A rare exception to this rule is the chicken sexer, who can quickly and accurately determine whether a day-old chick is male or female. The two are indistinguishable to most, but an expert can classify a thousand chicks an hour with 98% accuracy. The knowledge underpinning this expertise has never been made explicit; a trainee is simply corrected by an expert, over and over, until their intuition is equally refined.

Held to this standard, however, we all fall short. No one’s sensibilities about software design are so refined that they can teach simply through demonstration. We have to distill our intuition down to principles, and let those principles guide us beyond the bounds of our intuition. Anything less is just rentier pedagogy; maxims stripped of any context, whose true meaning within a given situation can only be judged by a single person.

This is the essence of modern “thought leadership”, and it’s served Graham well. His essays on language design, as well as a few on startups, brought in the first entrepreneurs to his fledgling VC fund. People applied to YCombinator because they wanted Graham to apply his intuition to their problems.

Graham’s essays on startups were much the same as his essays on language design, but they served a different purpose. They were marketing content, and in that role they excelled. They tantalized the reader by reducing complex problems down to singular, nebulous concepts. They hinted at deep insights that were just out of reach. They made people want to be in the same room as Paul Graham.

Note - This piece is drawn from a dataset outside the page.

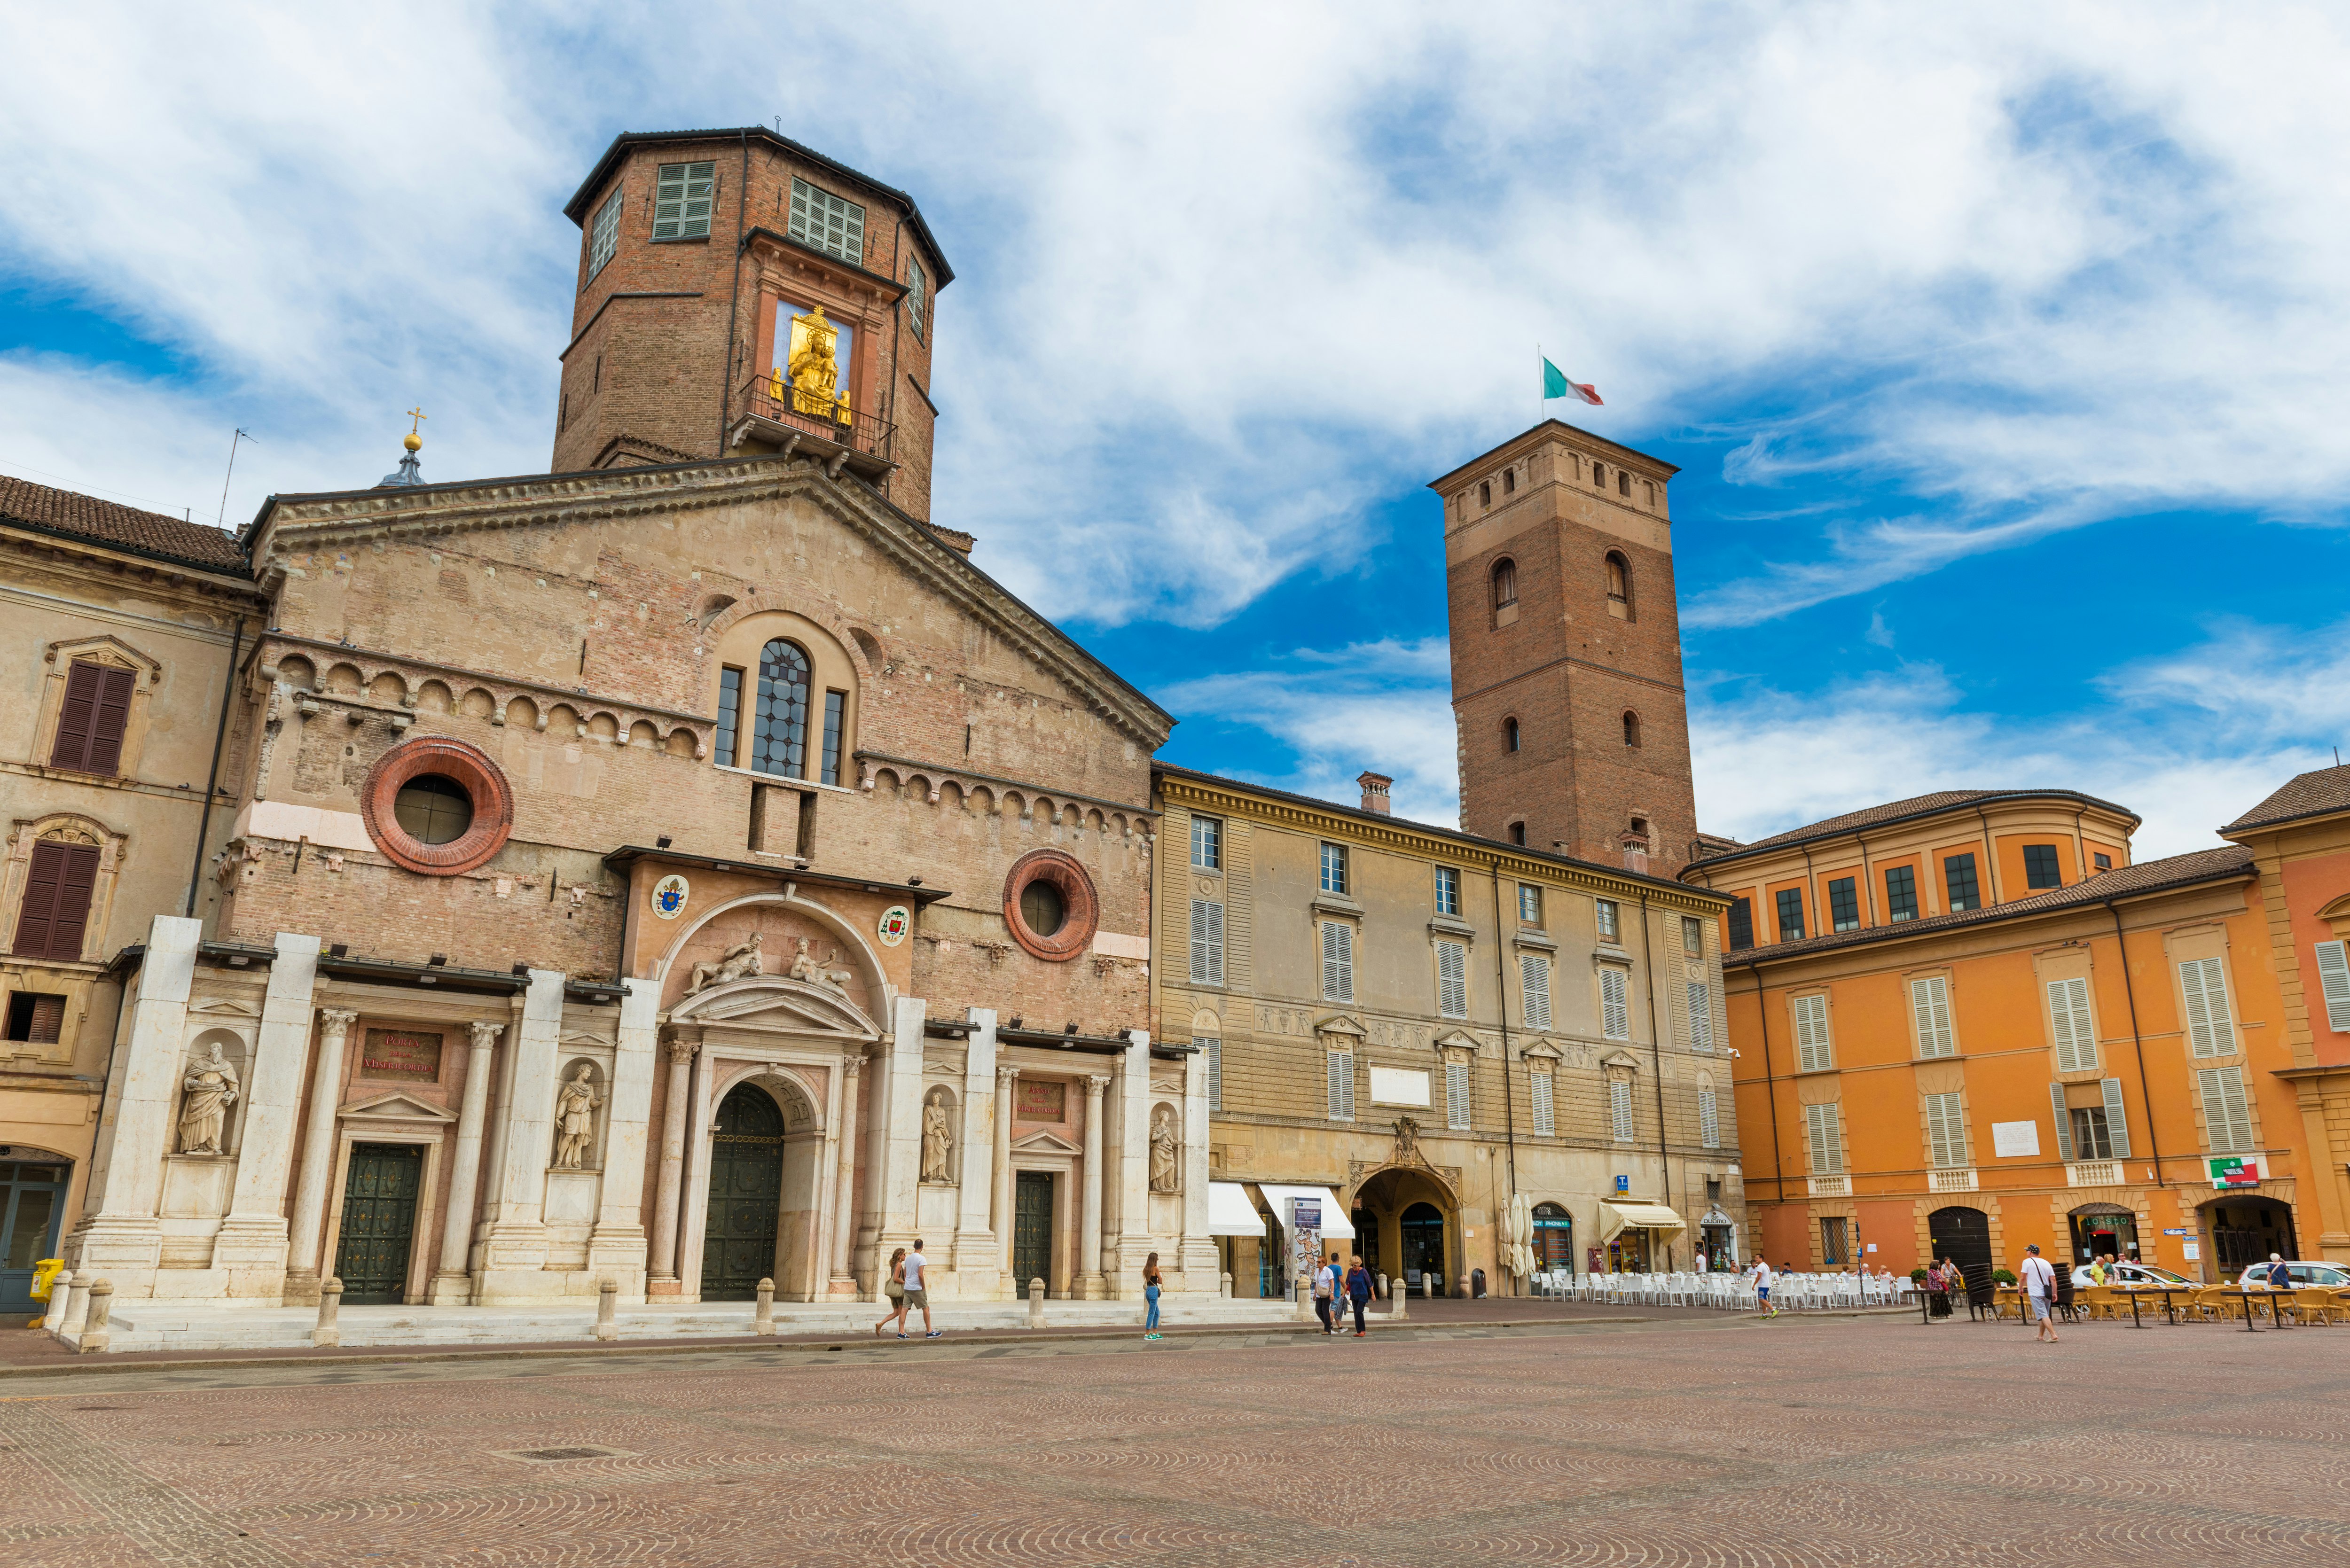 The central square of Reggio Emilia (Camillo Prampolini) - old medieval architecture in the historic part of the city

Since leaving the fund, however, Graham’s reach has once again begun to exceed his grasp. He applied his intuition to social and economic trends in the latter half of the 20th century, and deemed the modern startup to be their apotheosis. Confronting the assertion that “billionaires exploit workers”, he simply observed that “a startup must sing for its supper, by making things that genuinely delight its customers,” as if one had anything to do with the other.

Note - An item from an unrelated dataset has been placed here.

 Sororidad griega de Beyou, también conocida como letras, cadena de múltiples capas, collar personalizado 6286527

A recurring theme in his essays, both before and after his time at YCombinator, is conformity. Graham is resolutely on the side of the non-conformist, repeatedly tracing their lineage back to Galileo’s insistence that the earth moves, even after the church had forced him to recant.

In the most recent entry in this series, Graham introduces a quadrant model with axes of aggressive/passive and independent/conventional. He portrays the (small, vulnerable) group of aggressively independent people as the protagonists, and the (large, rabid) group of aggressively conventional people as their antagonists.

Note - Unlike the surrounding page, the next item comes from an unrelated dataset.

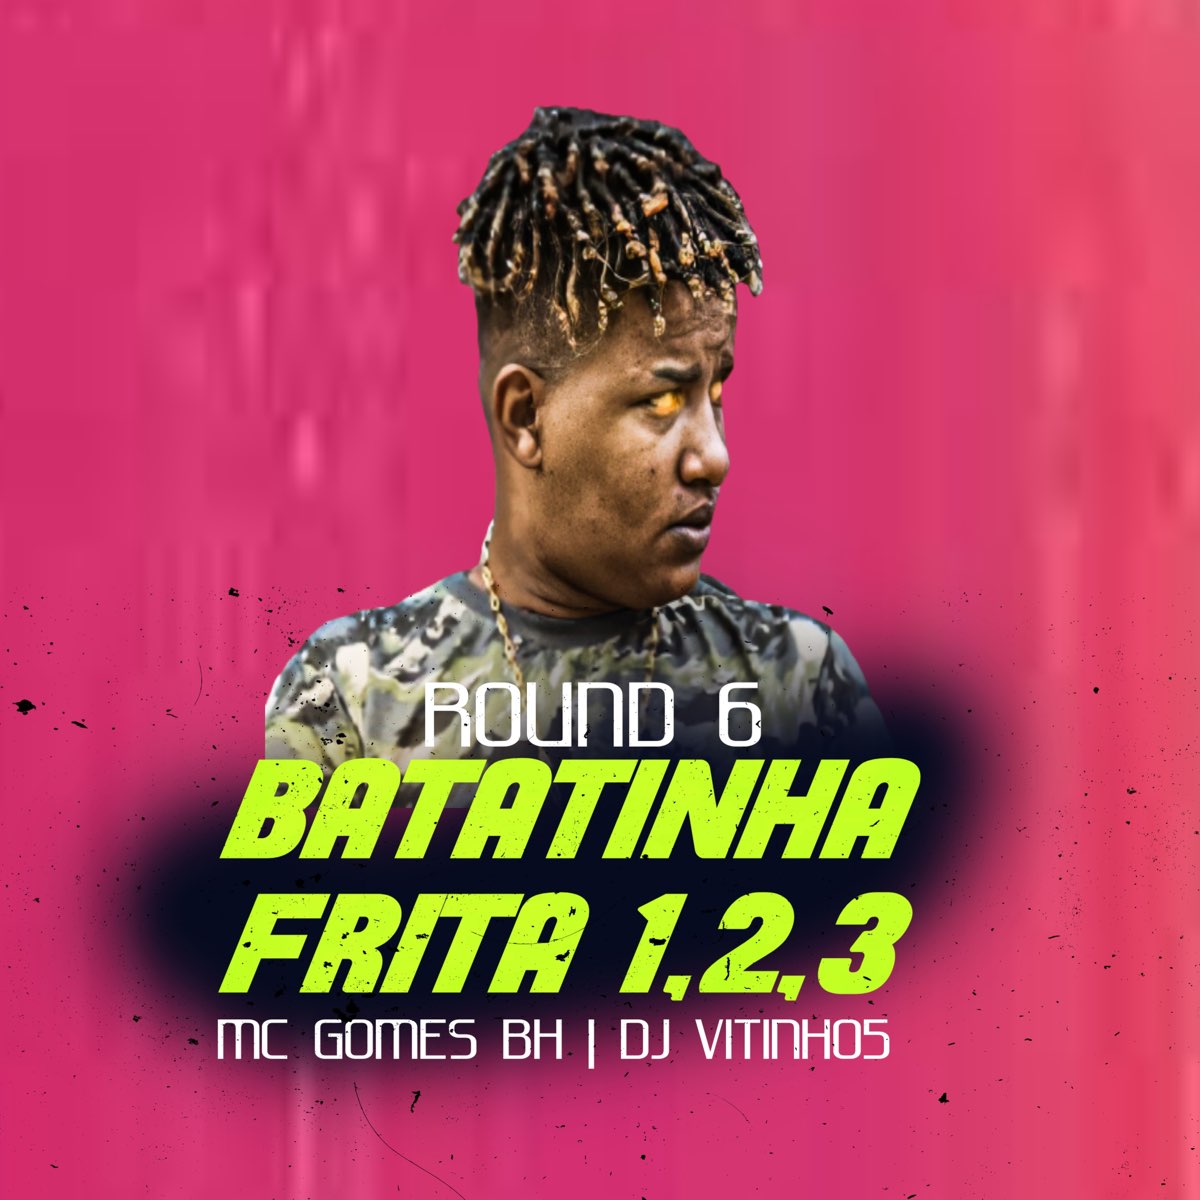 ROUND 6 - Batatinha Frita 1 2 3

Graham writes “the call of the aggressively independent-minded is ‘Eppur si muove’,” but he doesn’t pause to consider that it is also “EARTH HAS 4 CORNER SIMULTANEOUS 4-DAY TIME CUBE” and, more worryingly, “Jews will not replace us”. His model exists largely so he can focus on the one quadrant he finds interesting, but even that is a proxy for a much smaller group, the moral and intellectual heirs of Galileo, the people he intuits to be his peers. Graham doesn’t work through the consequences of his own model because the model doesn’t matter; what matters is sharing some things that feel right and true.

This is all to say that Paul Graham is an effective marketer and practitioner, but a profoundly unserious public intellectual. His attempts to grapple with the major issues of the present, especially as they intersect with his personal legacy, are so mired in intuition and incuriosity that they’re at best a distraction, and worst a real obstacle to understanding our paths forward.

Unfortunately, this seems unlikely to ever change. In 2019, he announced he was working on a new language, Bel. When asked about its goals, he replied:

All other things (e.g. libraries) being equal, language A is better than language B if programs are shorter in A. (As measured by the size of the parse tree, obviously, not lines or characters.) The goal of Bel is to be a good language. This can be measured in the length of programs written in it.

Of course, “all other things” will never be equal. We can measure the length, but what can we compare it against? Only his radar knows.